Your goal =
If a line in the records below contains the word "Blue", copy it.

Collected data:
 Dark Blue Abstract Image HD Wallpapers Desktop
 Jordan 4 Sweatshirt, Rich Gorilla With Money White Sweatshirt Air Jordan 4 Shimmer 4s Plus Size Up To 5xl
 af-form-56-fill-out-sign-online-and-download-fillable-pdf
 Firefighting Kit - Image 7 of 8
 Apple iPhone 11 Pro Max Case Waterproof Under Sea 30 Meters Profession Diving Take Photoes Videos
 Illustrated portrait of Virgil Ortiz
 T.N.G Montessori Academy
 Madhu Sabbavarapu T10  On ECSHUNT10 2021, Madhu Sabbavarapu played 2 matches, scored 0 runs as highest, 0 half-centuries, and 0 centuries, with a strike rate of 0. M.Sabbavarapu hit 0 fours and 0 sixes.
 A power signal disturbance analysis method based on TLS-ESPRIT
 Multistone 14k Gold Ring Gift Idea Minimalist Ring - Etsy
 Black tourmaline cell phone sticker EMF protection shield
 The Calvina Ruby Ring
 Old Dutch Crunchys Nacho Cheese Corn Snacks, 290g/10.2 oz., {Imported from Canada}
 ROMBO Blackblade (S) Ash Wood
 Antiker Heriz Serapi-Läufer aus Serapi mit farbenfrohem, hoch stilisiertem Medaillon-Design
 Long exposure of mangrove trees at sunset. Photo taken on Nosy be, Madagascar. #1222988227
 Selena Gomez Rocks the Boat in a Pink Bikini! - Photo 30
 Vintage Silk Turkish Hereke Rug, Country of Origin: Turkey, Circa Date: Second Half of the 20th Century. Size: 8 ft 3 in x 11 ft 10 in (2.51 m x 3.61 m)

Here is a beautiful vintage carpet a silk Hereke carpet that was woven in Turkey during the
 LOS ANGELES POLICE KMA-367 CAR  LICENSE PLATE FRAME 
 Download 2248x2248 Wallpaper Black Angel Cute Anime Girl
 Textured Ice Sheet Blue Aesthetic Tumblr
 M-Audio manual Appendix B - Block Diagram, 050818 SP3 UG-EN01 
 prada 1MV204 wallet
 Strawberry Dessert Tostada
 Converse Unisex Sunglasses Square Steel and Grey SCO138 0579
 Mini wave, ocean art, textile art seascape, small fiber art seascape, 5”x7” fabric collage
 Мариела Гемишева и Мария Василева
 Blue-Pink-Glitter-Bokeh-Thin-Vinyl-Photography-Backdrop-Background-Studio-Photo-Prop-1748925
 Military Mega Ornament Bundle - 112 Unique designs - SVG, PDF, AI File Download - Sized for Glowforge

Written reply =
 Dark Blue Abstract Image HD Wallpapers Desktop
 Textured Ice Sheet Blue Aesthetic Tumblr
 Blue-Pink-Glitter-Bokeh-Thin-Vinyl-Photography-Backdrop-Background-Studio-Photo-Prop-1748925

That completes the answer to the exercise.